Understanding Iran, Facing Our Fears: A Sermon for Yom Kippur
Rabbi Brant Rosen
Yom Kippur, 5769
When I became a rabbi, I never dreamed I would end up traveling to some of the amazing places in the world to which I’ve gone over the past several years. I have no doubt that these experiences have expanded my understating of what a rabbi and a Jew could be. And as a result, I do believe that to be a Jew today, as I’ve often said, means to be a global citizen. It means to see one’s Jewishness against an unprecedented new world order. It is a challenge, to be sure, but I also believe it presents us with an invaluable opportunity.
This is all by way of introducing my latest travel plans. You may have heard a rumor that’s going around town that I’m planning to travel to Iran next month. Well, I’m here to tell you that yes, the rumor is true. At the end of November I’ll be traveling to Iran for two weeks with an interfaith delegation. I’ll say more about the trip a little later, but I’d like to devote the balance of my remarks to you on why I decided to go. I’m not unmindful, of course, that the notion of an American rabbi traveling to Iran might at the very least raise some eyebrows. But in the end, my decision to go emerged out of very deeply held convictions – convictions that I’d like to share with you today.

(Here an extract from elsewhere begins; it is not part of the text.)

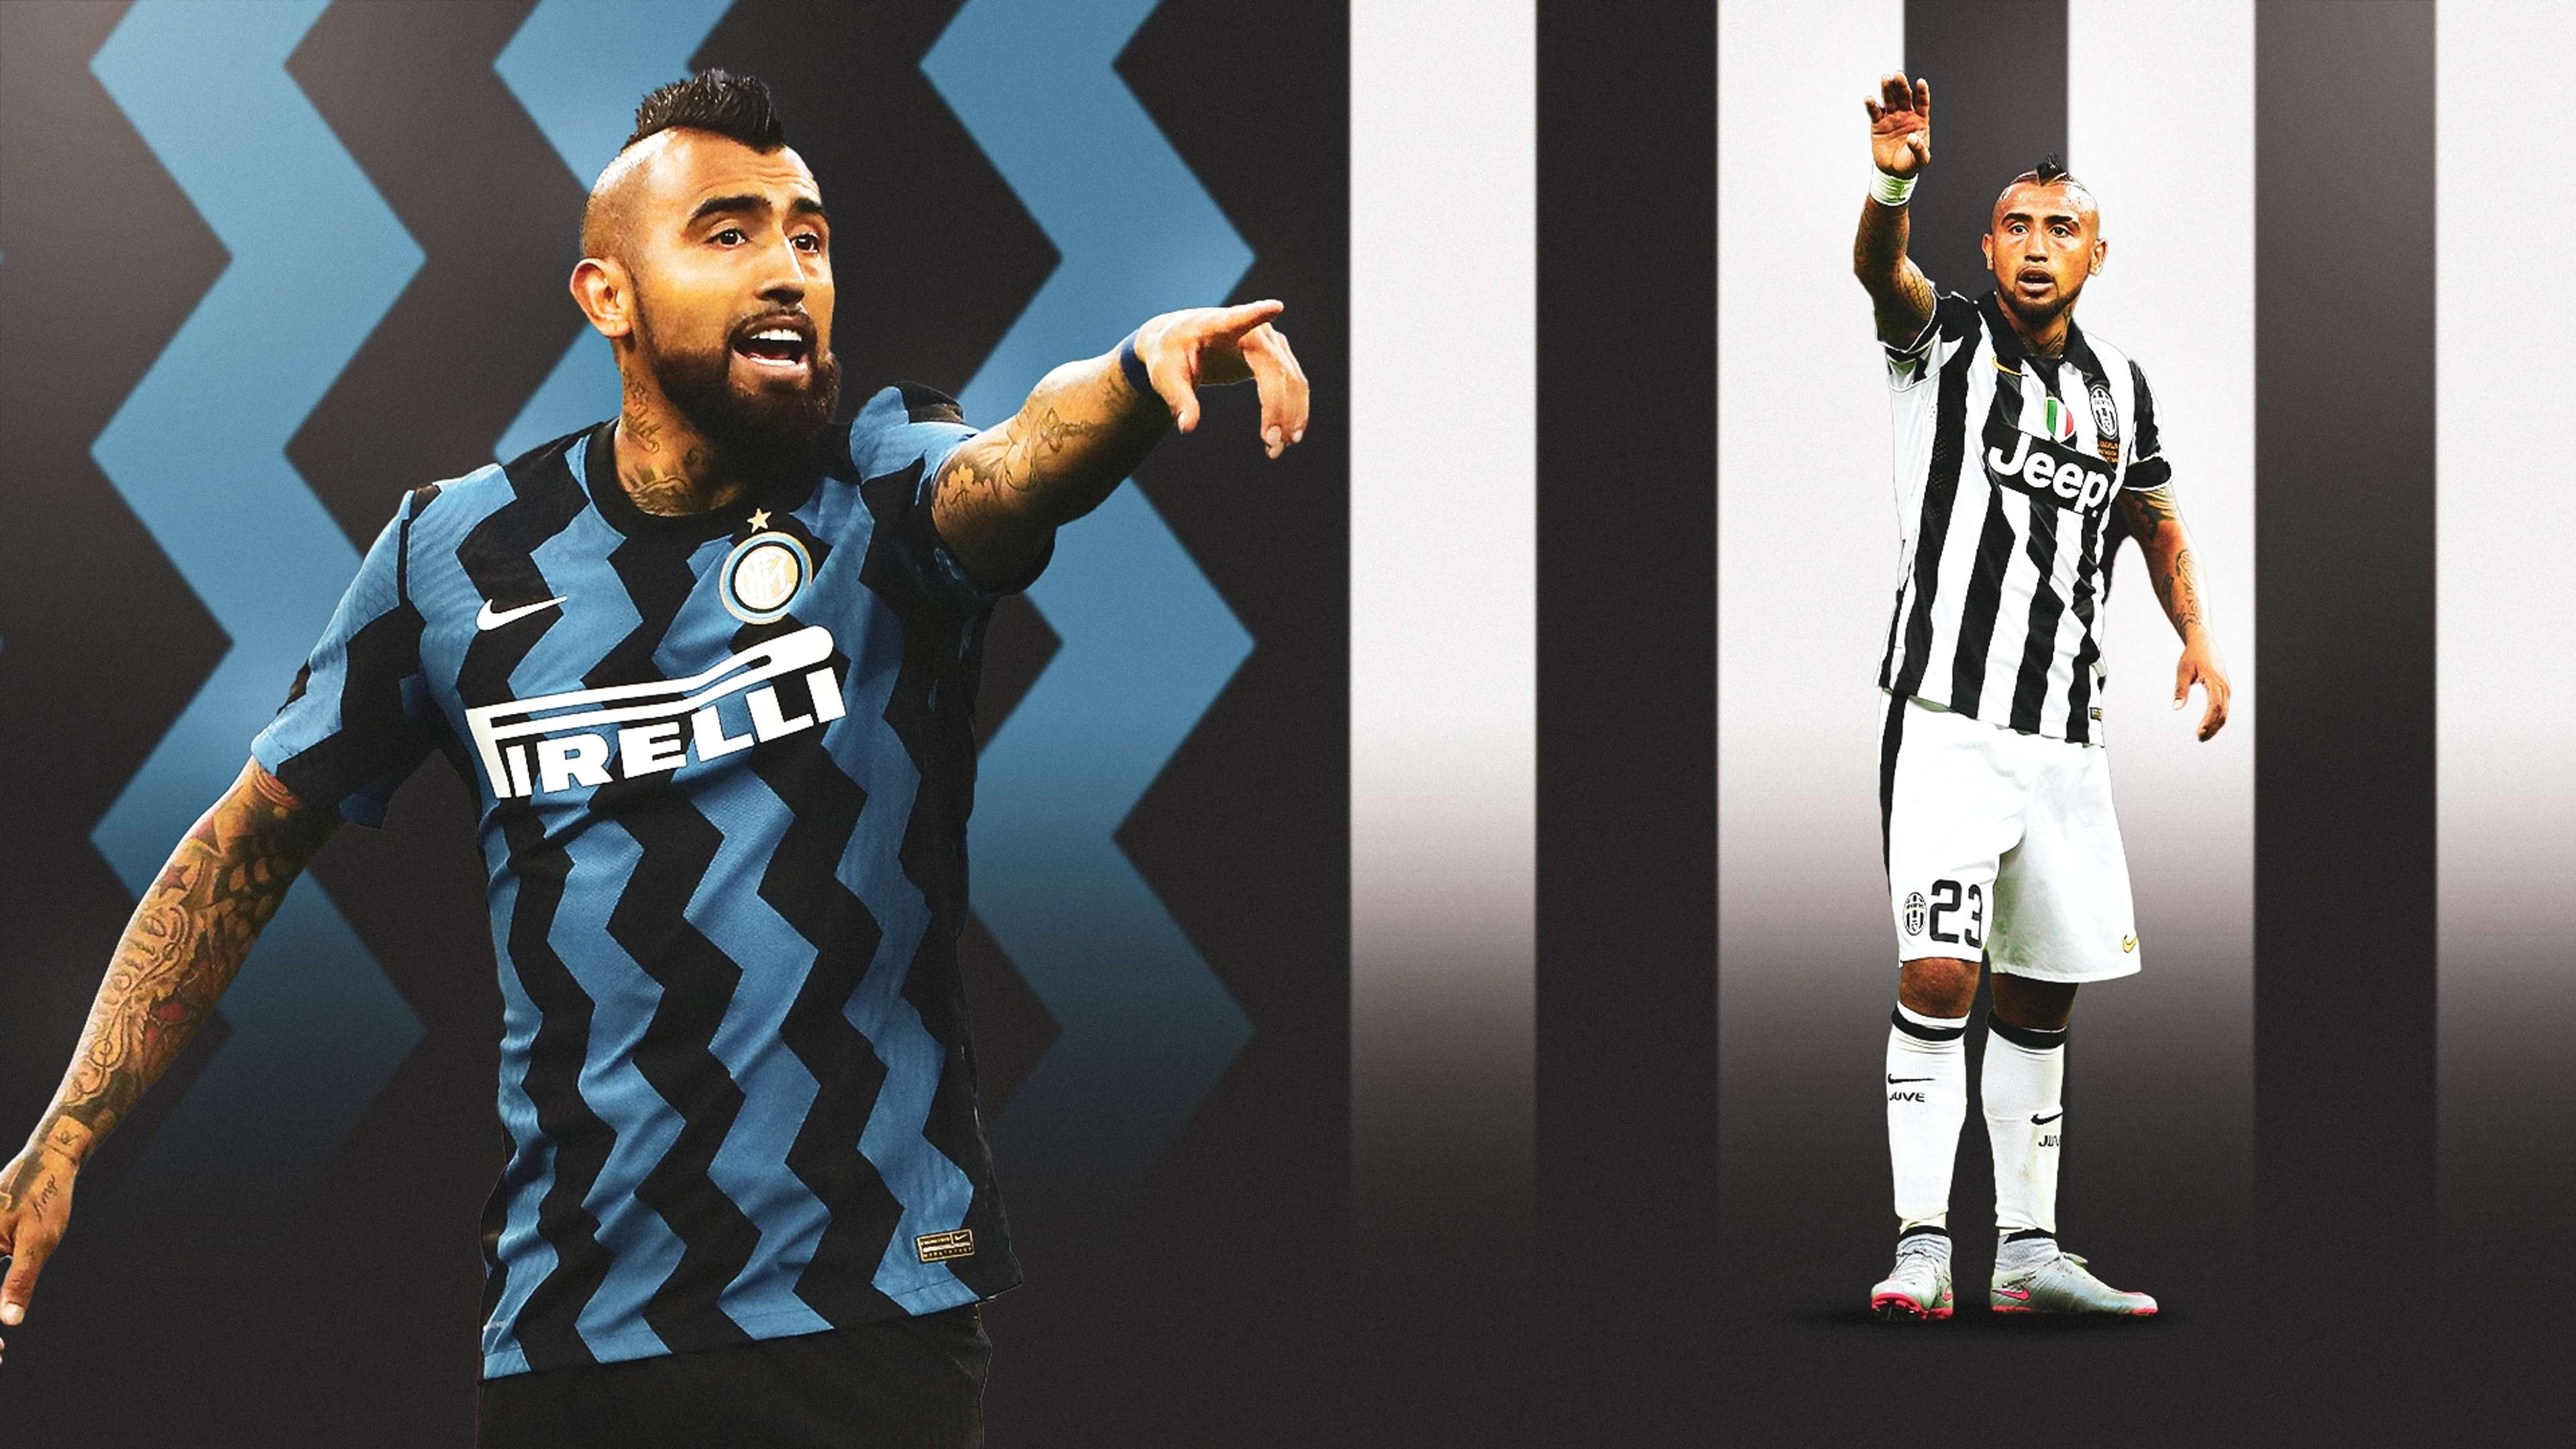 Vidal GFX Inter Juventus

I’ve actually considered addressing the subject of Iran in a sermon for many years now. I’ve long believed that our conflict with Iran is one of the most critical international crises of our day – one that obviously affects us deeply as both Americans and as Jews. In particular, I’ve become increasingly alarmed by our government’s response to the Iran conflict and I’ve also been troubled by what I believe to be a fear-based, knee-jerk reaction by the leadership of the American Jewish community. There is no question that the issue of Iran pushes all of our Jewish buttons and rekindles many of our deepest Jewish fears. I understand this. I share these fears as well. But at the same time, I harbor an even deeper fear: I fear that the current direction of our response will only further exacerbate this crisis and, God forbid, move us inexorably closer to military conflict – something that would only spell disaster for America, Israel and the entire Middle East.
Of course, there is ample reason to fear and ample reason to be concerned. Iran’s President Ahmadinejad is an odious leader and his public pronouncements are, in a word, sickening. As Jews, we have every right to be outraged when he speaks of wiping Israel off the map and when he gleefully engages in Holocaust denial. The thought of such a regime acquiring the capability for nuclear weapons should give us all more than enough cause for alarm.

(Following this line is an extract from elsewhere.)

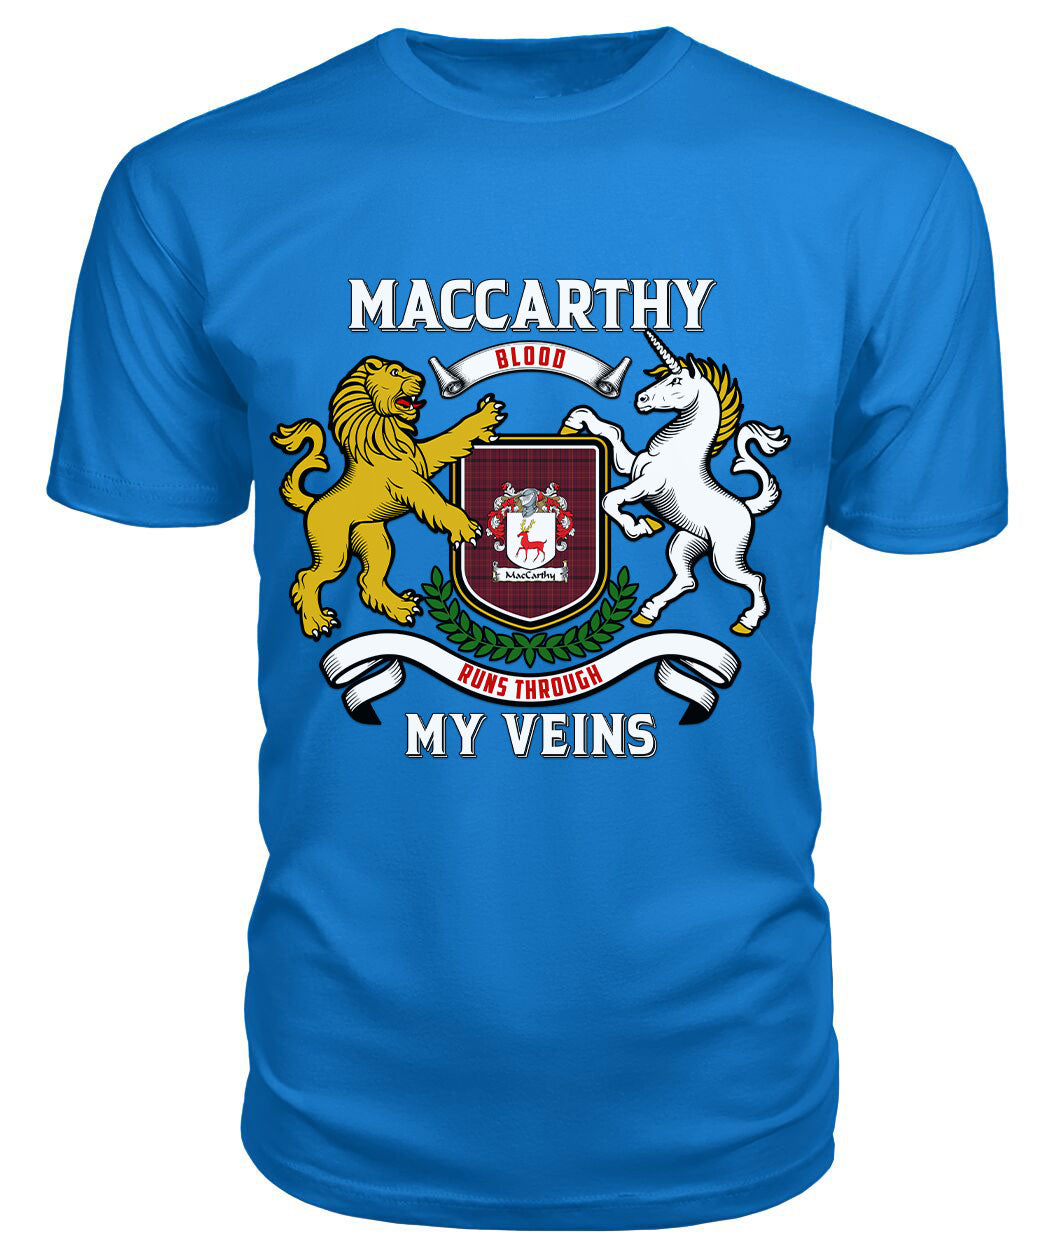 MacCarthy Tartan Crest 2D T-shirt - Blood Runs Through My Veins Style

Having said this, however, I have to say I am just as concerned by the American and Jewish community response up until this point, which I think reflects an utter misunderstanding and misread of the challenges Iran poses. While I do not diminish for one moment the incendiary nature of Ahmadinejad’s rhetoric, I believe it us does no good at all when we compare him to Hitler and accuse Iran of being an Islamo-fascist, totalitarian regime. First of all, I believe this to be an inaccurate and unhelpful analysis, but even more critically, if we really, truly believe that Ahmadinejad is Hitler, then it leaves us with only one real option. we’re left with a zero sum game. Once the other side becomes Nazis, we’ve left ourselves with no other option than to storm the beaches at Normandy.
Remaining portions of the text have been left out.